= Between C & D =

Former magazine

Between C & D (1983–1990) was a Lower East Side quarterly literary magazine, edited by Joel Rose and Catherine Texier. The name of the magazine references the apartment where Rose and Texier lived and produced the magazine, which was located between Avenue C and Avenue D in the East Village. However, it has also been suggested that the title is short for "between coke and dope," giving an indication of the transgressive content and ethos. The tagline of the magazine was "Sex. Drugs. Danger. Violence. Computers."

The magazine was printed on fanfold computer paper, sold in a plastic bag and featured original artwork on each binding. The founders originally intended to print a maximum of 75 copies per issue. However, the rising popularity of the magazine led them to print 600 copies per issue, with each issue being sold out. These limited run editions were collected by New York galleries and libraries, including the Whitney Museum, Museum of Modern Art, and New Museum. As has been erroneously reported, back issues were never sold on computer disk.

== Contributors ==
The majority of the writers lived in urban environments, including the Lower East Side neighborhood of New York and Los Angeles. It was emphasized that "this is not writing-school writing" by the founders, although some of the contributors had attended MFA writing programs. Contributors included Kathy Acker, Roberta Allen, Bruce Benderson, Lisa Blaushild, Emily Carter, Peter Cherches, Dennis Cooper, Susan Daitch, Lee Eiferman, John Farris, Craig Gholson, Joan Harvey, Rick Henry, Gary Indiana, Darius James, Tama Janowitz, Ron Kolm, Patrick McGrath, Reinaldo Povod, Joel Rose, Don Skiles, Catherine Texier, Lynne Tillman, David Wojnarowicz, and Barry Yourgrau. The founders described the general style of the magazine writers as, "gritty, urban, sometimes ironic, sometimes gutsy, erotic, violent, or deadpan, unsentimental rather than 'sensitive' or 'psychological,' playing with form but clearly narrative by intention." American Book Review wrote: "If there's a cutting edge in American fiction . . . Between C & D is on it."

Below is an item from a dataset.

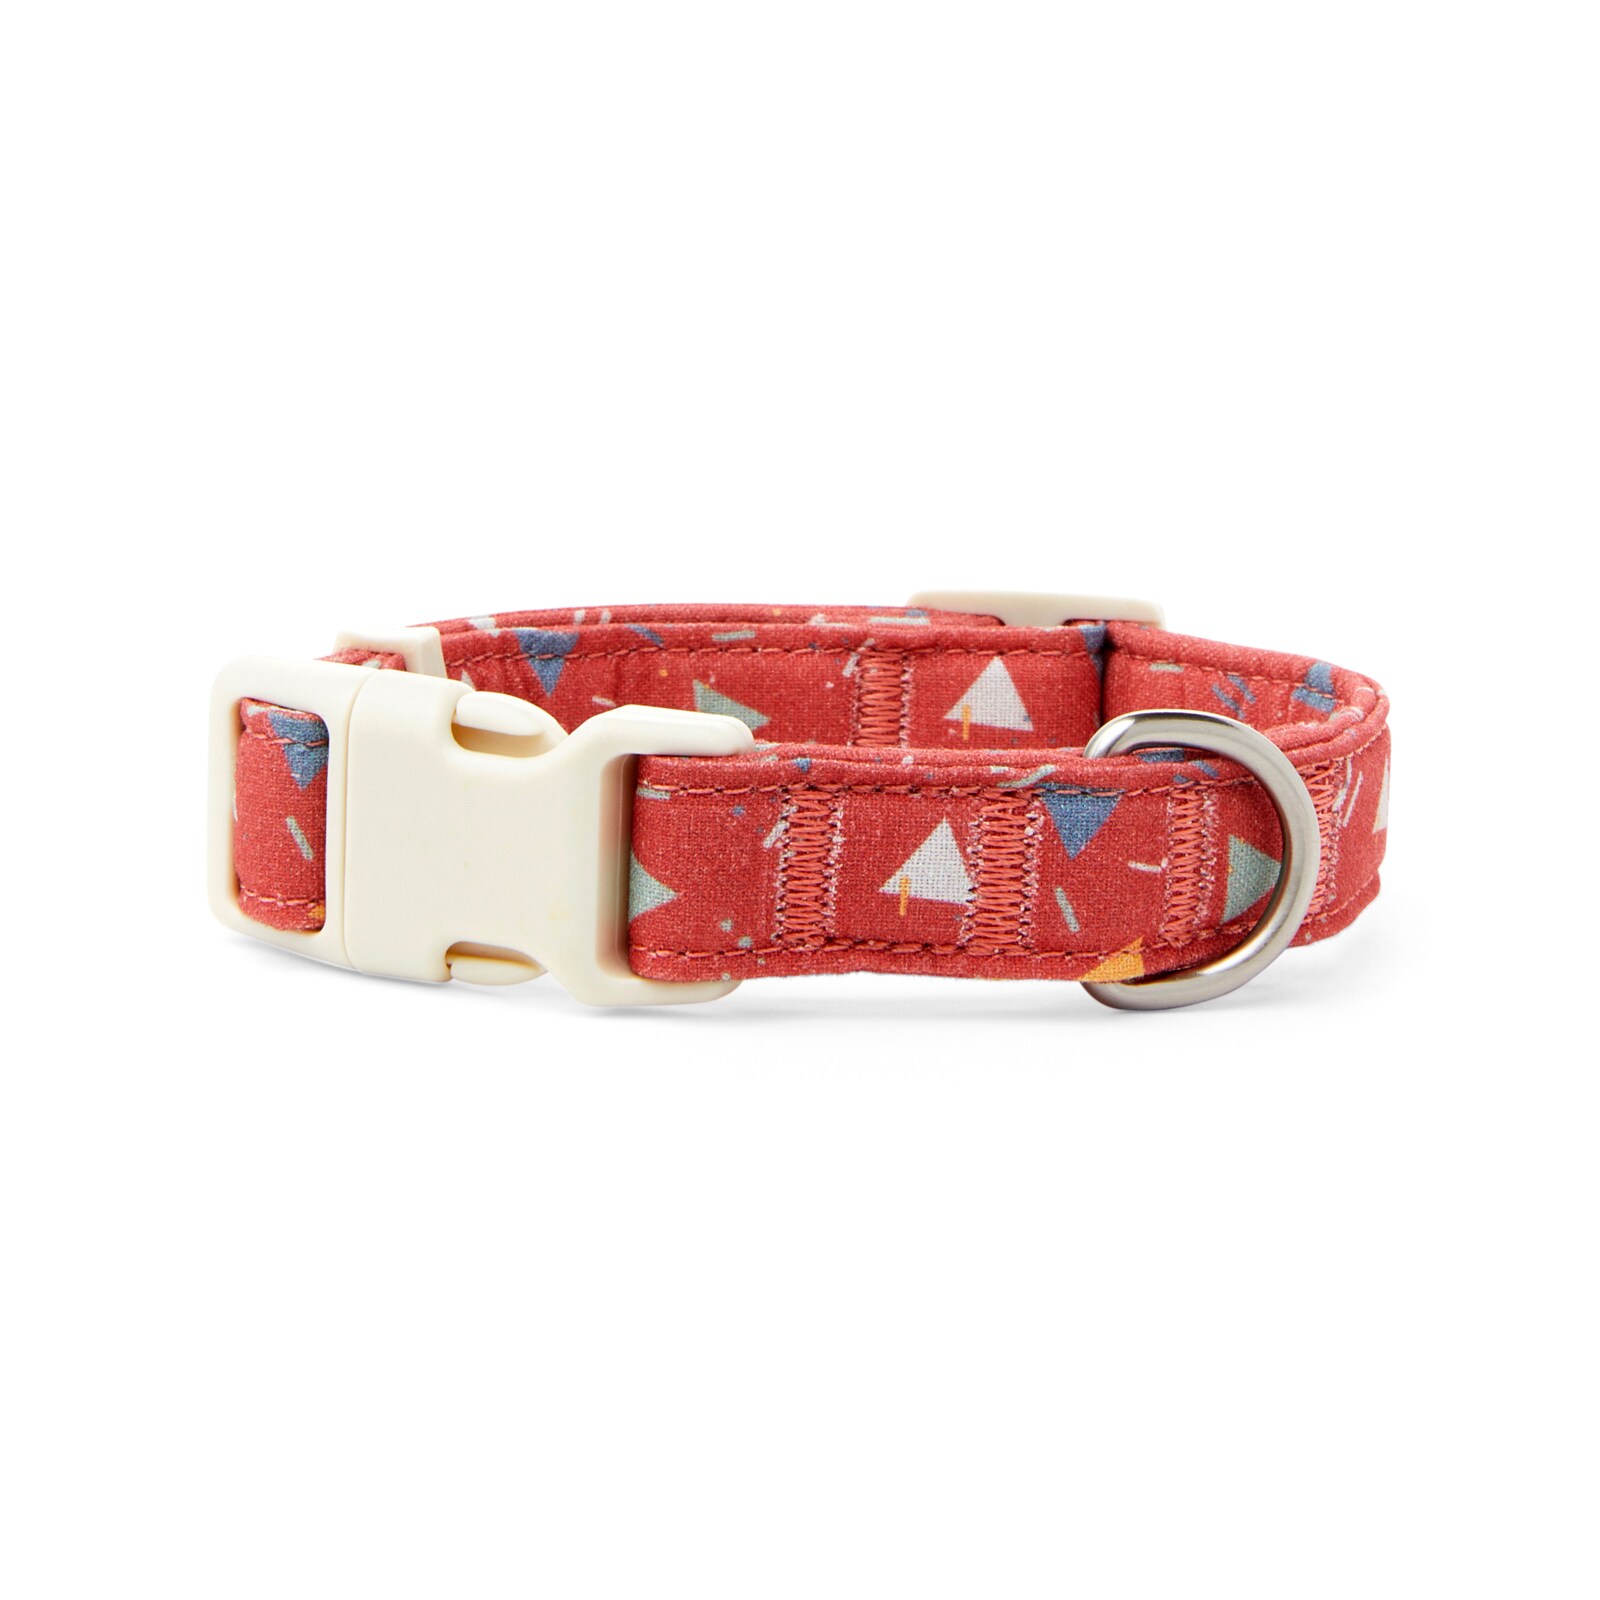 Mix,match,save Quality Ancol cat collars:Camouflage,Reflective or Soft weave 
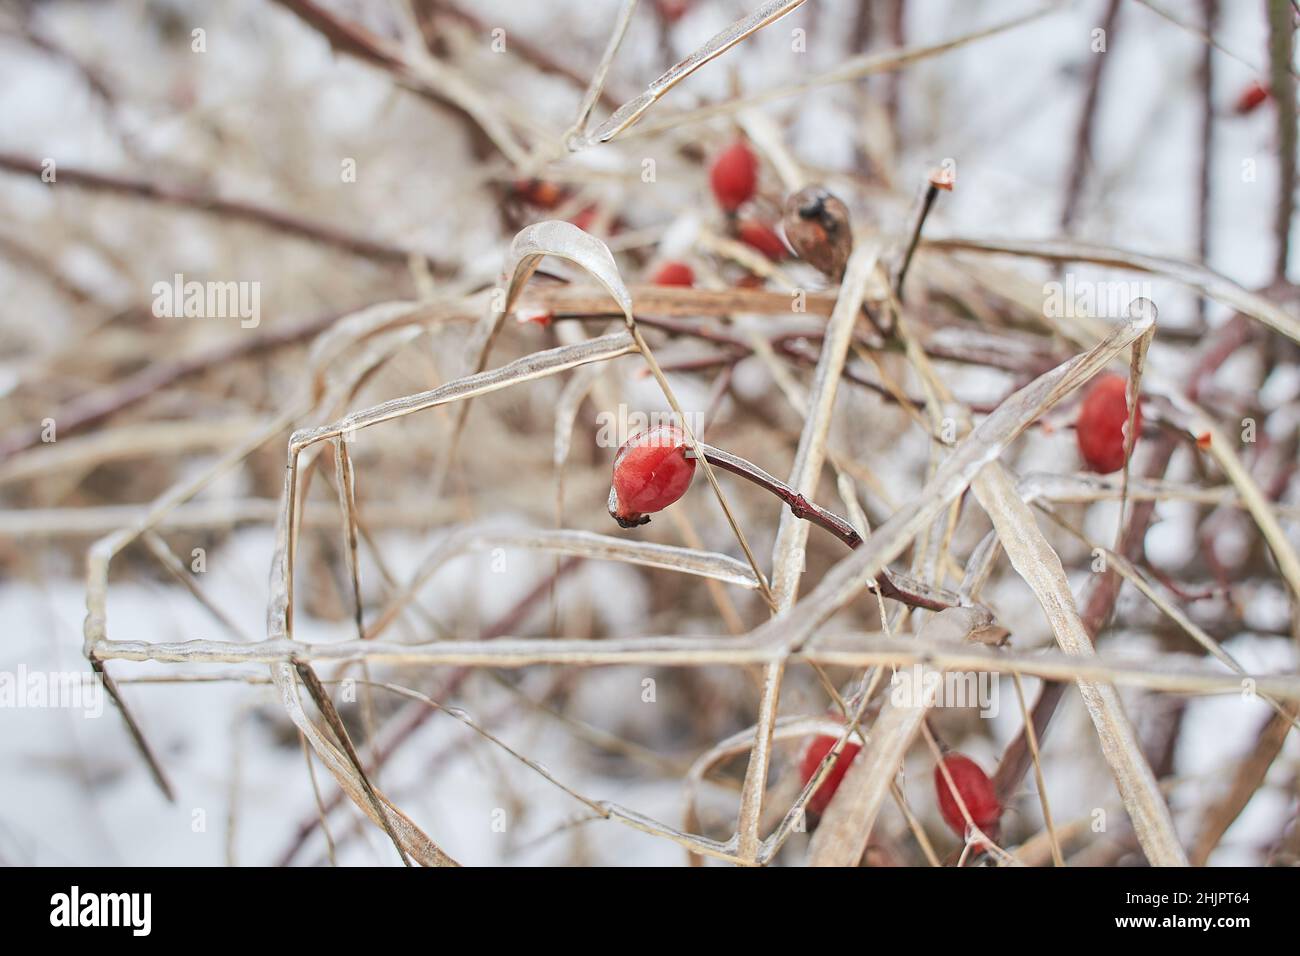 Branches of rose hip, berry covered with ice crust after freezing rain, fragment, background Stock Photo

In 1984, Anthony Bourdain visited the apartment of the magazine, uninvited, "...dressed in chef’s whites and clearly high on heroin." During that visit, he submitted his writing and drawings for publication. While Rose did not like the drawings, he did like the writing. The magazine eventually published a story written by Bourdain, which was about a chef scoring heroin on the Lower East Side. Over the years, Rose helped nurture the talent of Bourdain, and they eventually published a number of books together, including Typhoid Mary, and the graphic novels, Get Jiro!, Get Jiro: Blood and Sushi, and Anthony Bourdain's Hungry Ghosts, in 2018.

== Books & Anthologies ==
In 1988, Penguin published the anthology Between C & D: New Writing from the Lower East Side Fiction Magazine for its Contemporary American Fiction series that included twenty-five writers chosen by Rose and Texier. As written in the book's introduction, "If you were living in Manhattan in the early eighties and didn't feel any affinity for the school of 'dirty realism' or weren't writing 'sensitive' narration teeming with believable characters a reader could care for throughout the lens of a novel, you were left high and dry on the Downtown shore. Between C&D offered an exclusive forum for these writers, both established and emerging, whose voice were not being heard in the usual gamut of conventional literary magazines."

The Ottawa Citizen said of the anthology: "An acerbic, urban edge mixes with commendable stylistic diversity from David Wojnarowicz, Dennis Cooper, Kathy Acker, Rick Henry and Darius James."